Myers v. Chicago, St. P., M. & O. Ry. Co.

Decision Date29 May 1899
Docket Number1,092.
Citation95 F. 406
PartiesMYERS v. CHICAGO, ST. P., M. & O. RY. CO.
CourtU.S. Court of Appeals — Eighth Circuit

C. D O'Brien and Thomas D. O'Brien, for plaintiff in error.

Thomas Wilson and L. K. Luse, for defendant in error.

Before Caldwell, SANBORN, and THAYER, Circuit Judges.

THAYER Circuit Judge.

In this case the Chicago, St. Paul, Minneapolis & Omaha Railway Company, the defendant in error, was charged with culpable negligence in maintaining an overhead bridge across its tracks at a street crossing, which was too low, as it is claimed, to permit brakemen, when on the top of freight cars to pass thereunder with ordinary safety. The bridge to which this charge relates was located in the city of Hudson, Wis and the plaintiff's husband, Edward Myers, who was a brakeman in the service of the defendant company, was knocked off from the top of one of its cars while he was passing under the bridge in the discharge of his customary duties, on a moving freight train, and was instantly killed. The accident occurred about noon on February 14, 1896. The trial court directed a verdict for the defendant company at the close of all the evidence, and the sole question for consideration is whether such instruction was properly given.
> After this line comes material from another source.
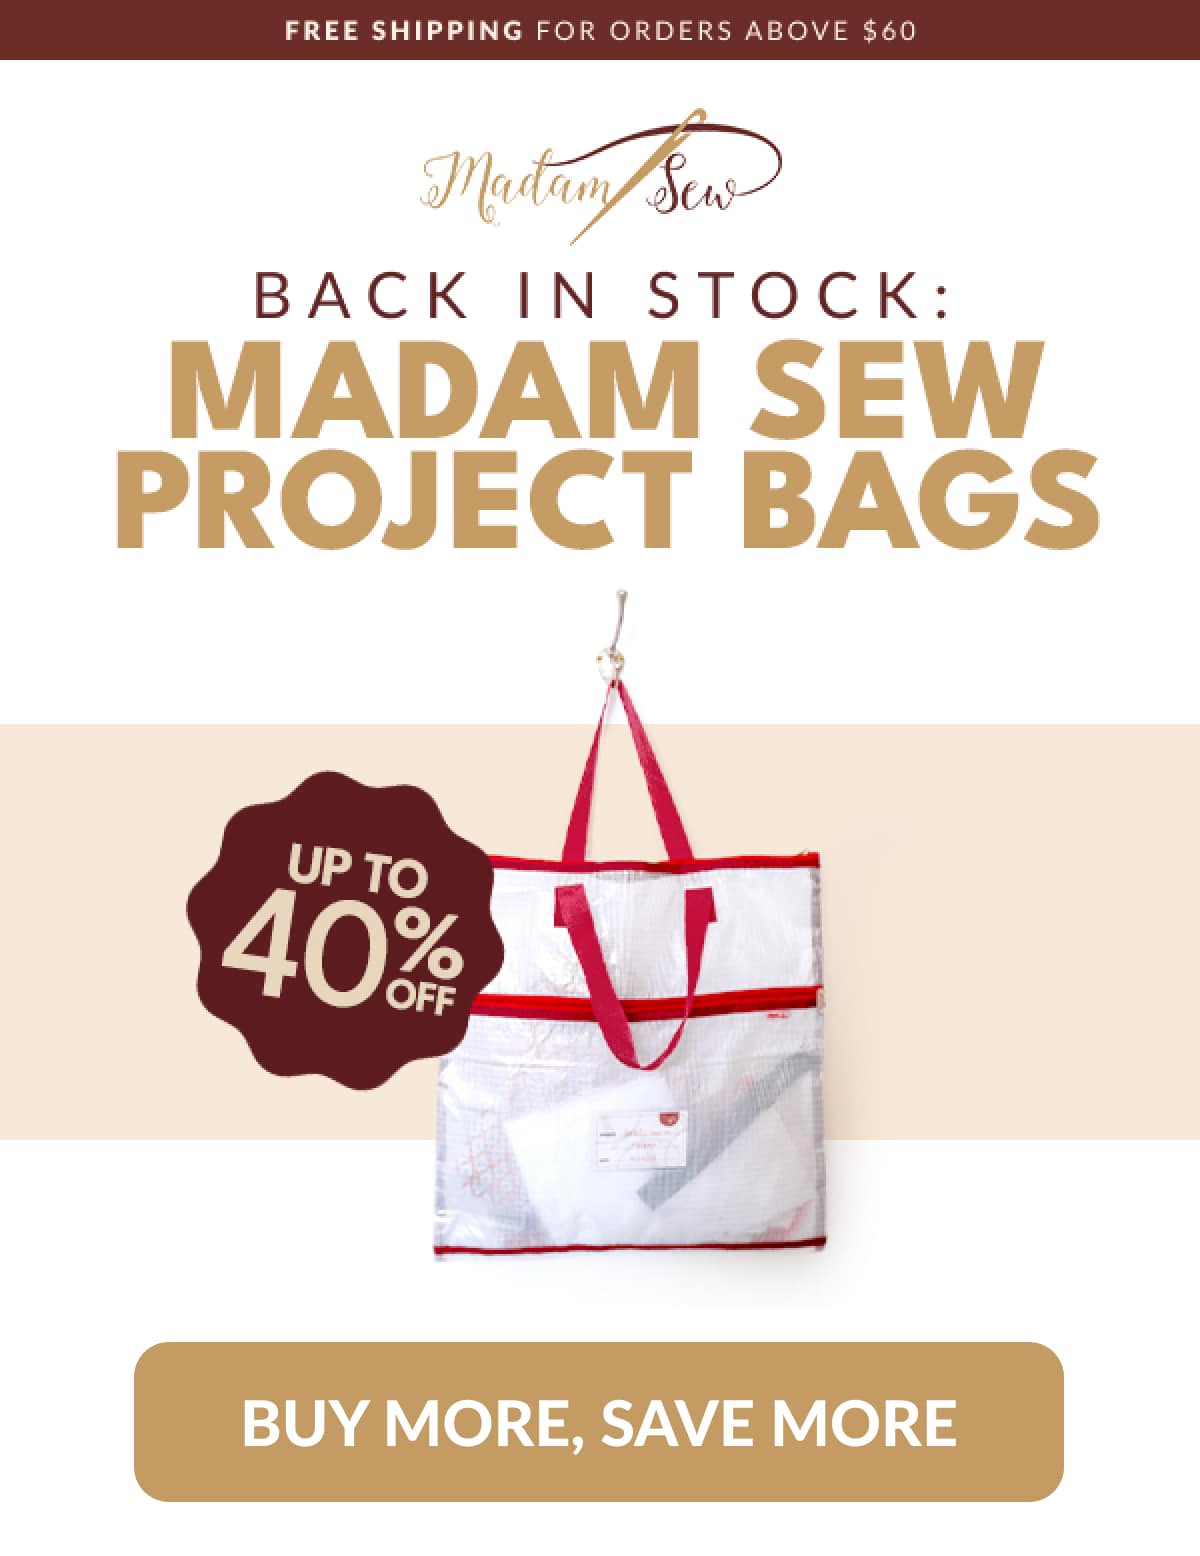 Back in stock: Madam Sew Project Bags
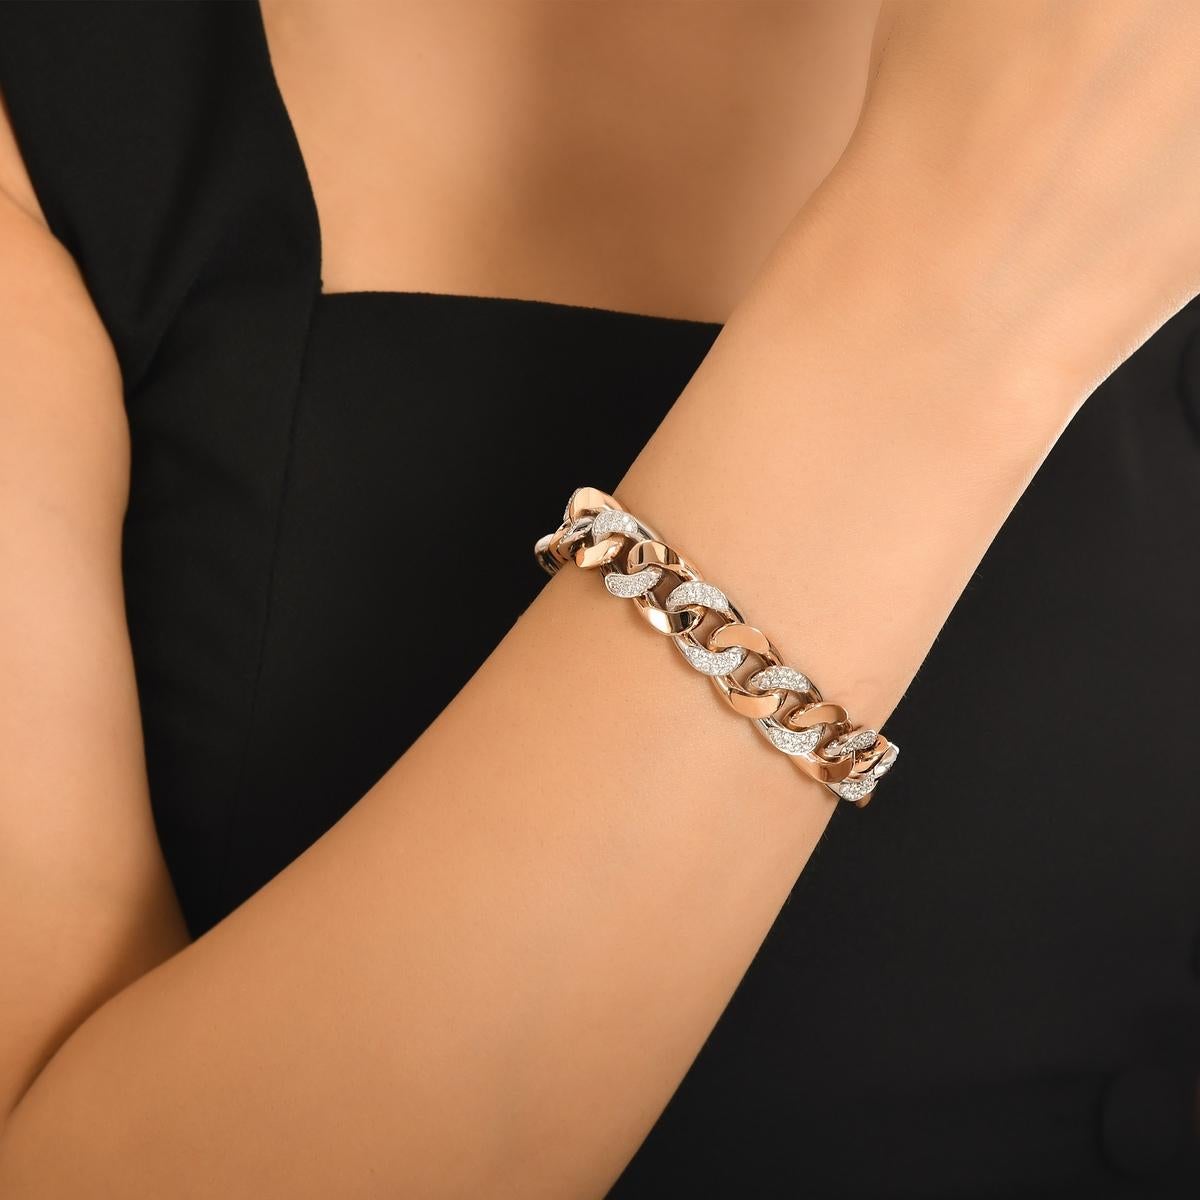 Artist Cuban Diamond Bracelet in White and Rose 18K Gold, Handcrafted in New York For Sale

The evidence in the record shows that, at the place in the city of Hudson where the accident occurred, the defendant's track is laid for some distance in a cut, and that the track where thus laid is spanned by three overhead wooden bridges one being at the crossing of Eighth street, one at the crossing of Seventh street, and one at the crossing of Third street. The distance between the Eighth and Seventh street bridges was about 442 feet, and between the Seventh and Third street bridges about 1,171 feet. The track slopes from the east to the west, the direction in which the train was moving when the accident occurred, the descent being at the rate of about 53 feet per mile, which appears to have been the lowest feasible grade, considering the character of the country. The deceased passed safely under the first, or Eighth street, bridge, but was knocked off by the middle, or Seventh street, bridge. The bottom of the Eighth street bridge was about 20 feet above the top of the rail, while the bridges at Seventh and Third streets were somewhat lower, the bottoms thereof being about 18 feet and 1 inch higher than the top of the rail. The several bridges in question were built by the railroad company at the height prescribed by the proper city authorities of the city of Hudson, and, if they had been built higher, they would have impaired the use of the streets to some extent by making the approaches to the bridges inconveniently steep. For that reason the several bridges were built at the height last indicated. The testimony showed without contradiction that the deceased had passed under these bridges as a brakeman altogether about 50 times, and possibly more, shortly before the accident occurred, and that he had also been warned before the accident that the bridges were not of sufficient height--that is to say, the Seventh and Third street bridges-- to permit a man to ride thereunder while standing fully upright on the top of the highest freight cars which sometimes passed over the defendant's road. Whiplashes, or telltales, were also suspended over the track at proper points before reaching the several bridges,-- that is to say, east of Eighth street and intermediate the bridges,-- which were in good condition when the accident occurred.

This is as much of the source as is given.